Я сопротивляюсь, но он ставит мне подножку. Я спотыкаюсь, теряю равновесие и падаю на руки и уже пораненные колени.

Он бьет меня ногой по ребрам, и я задыхаюсь от жгучей боли.

— Правильно, сука! Ты должна стоять на своих гребаных руках и коленях.

Иди на хуй, — выдавливаю я из себя сквозь стиснутые зубы и начинаю отползать.

— Это мой план. — Он набрасывается на меня, и мое дыхание вырывается из легких, когда я оказываюсь между гладким кафельным полом и его телом. — Мне нравится, когда ты борешься.

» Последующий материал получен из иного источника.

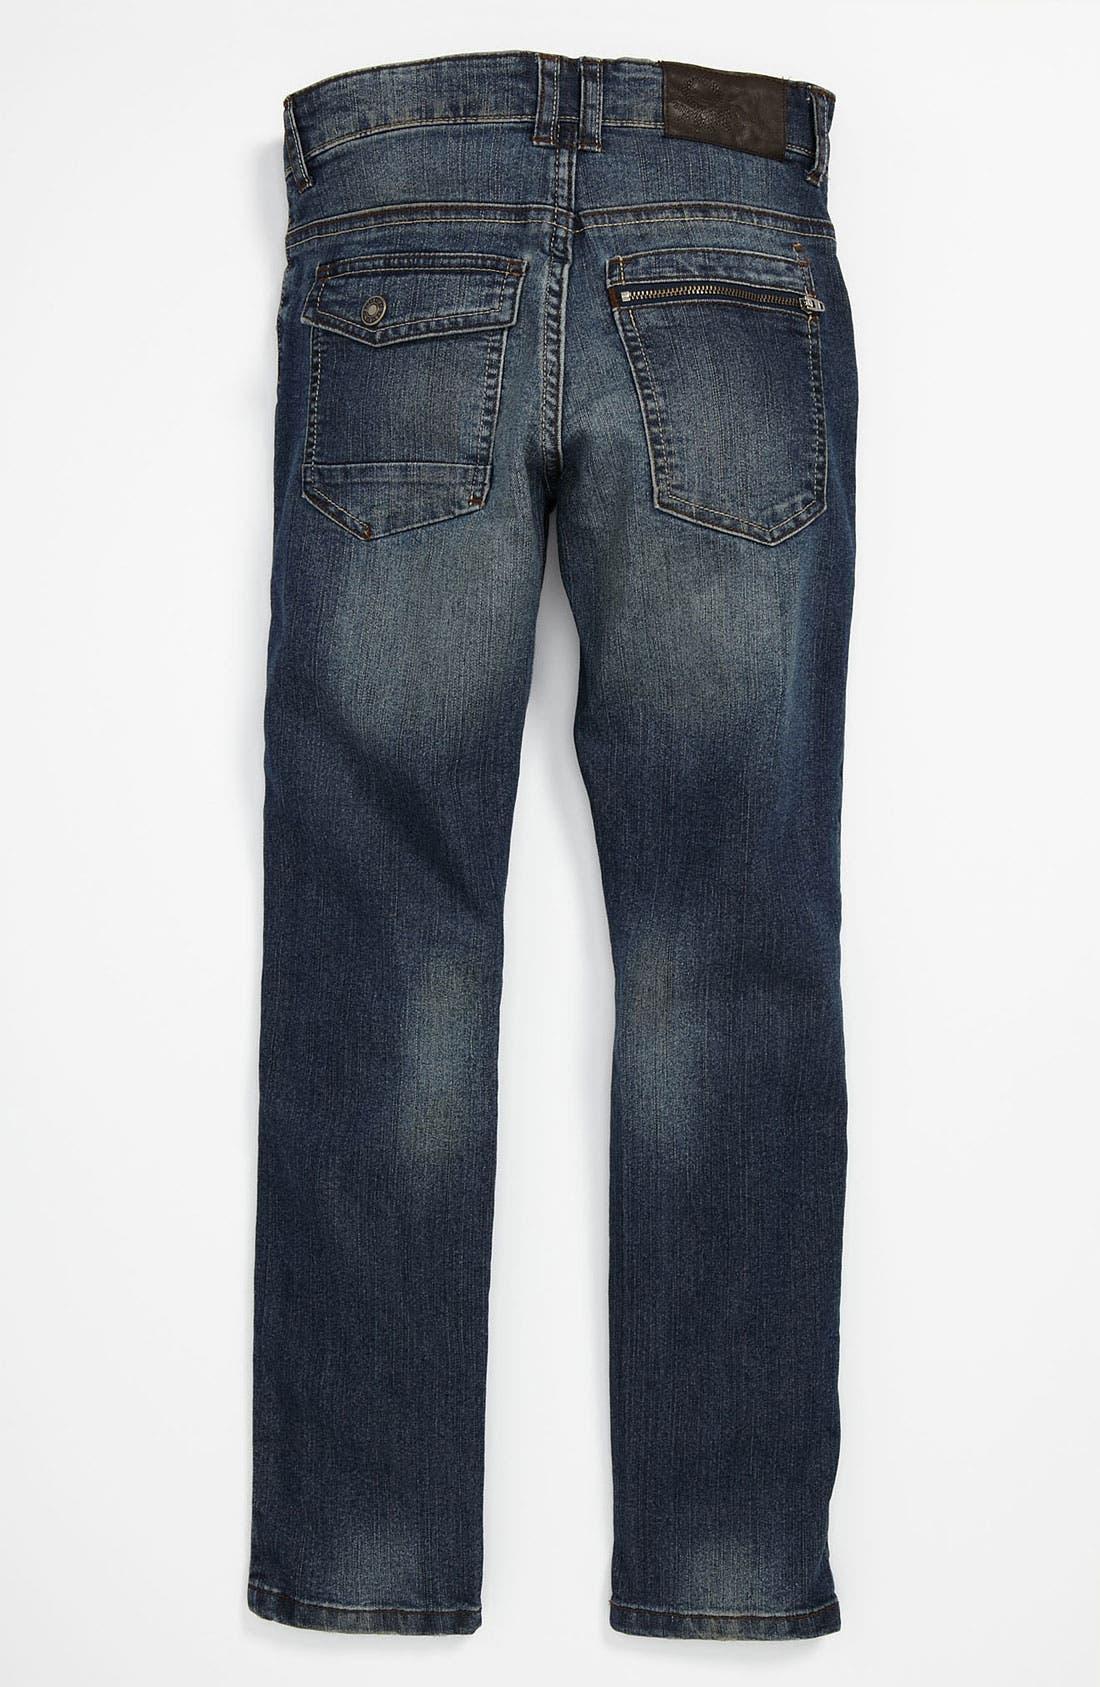 Alternate Image 1 Selected - United Colors of Benetton Kids Skinny Leg Jeans (Little Boys & Big Boys)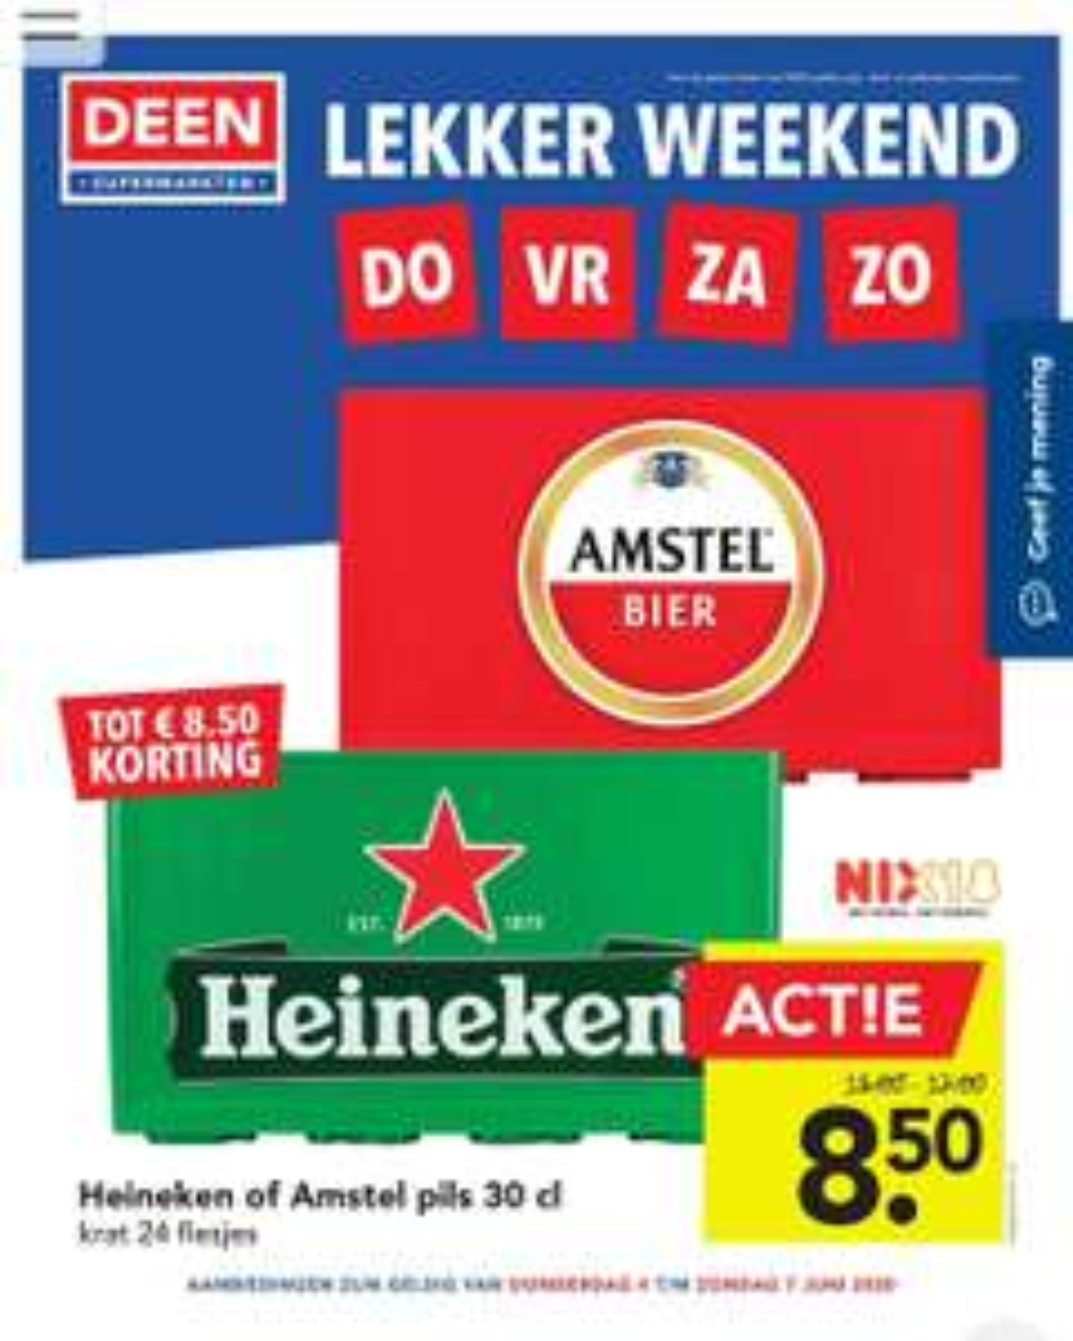 Heineken of Amstel krat 24x30cl €8,50@Deen

Черт возьми, я не могу пройти через это снова! Крича так громко, что мой голос становится хриплым и срывающимся, я царапаю пол, смещаясь и извиваясь, толкаясь локтями, отчаянно пытаясь освободиться от его удушающего веса.

Я смутно различаю звук приближающихся шагов и мужские голоса, кричащие в коридоре.

Стоп!

Внезапно Лоренцо сваливается с меня, и я отшатываюсь в сторону, неуклюже поднимаюсь на ноги, чтобы броситься прочь, но натыкаюсь на твердую стену знакомой груди.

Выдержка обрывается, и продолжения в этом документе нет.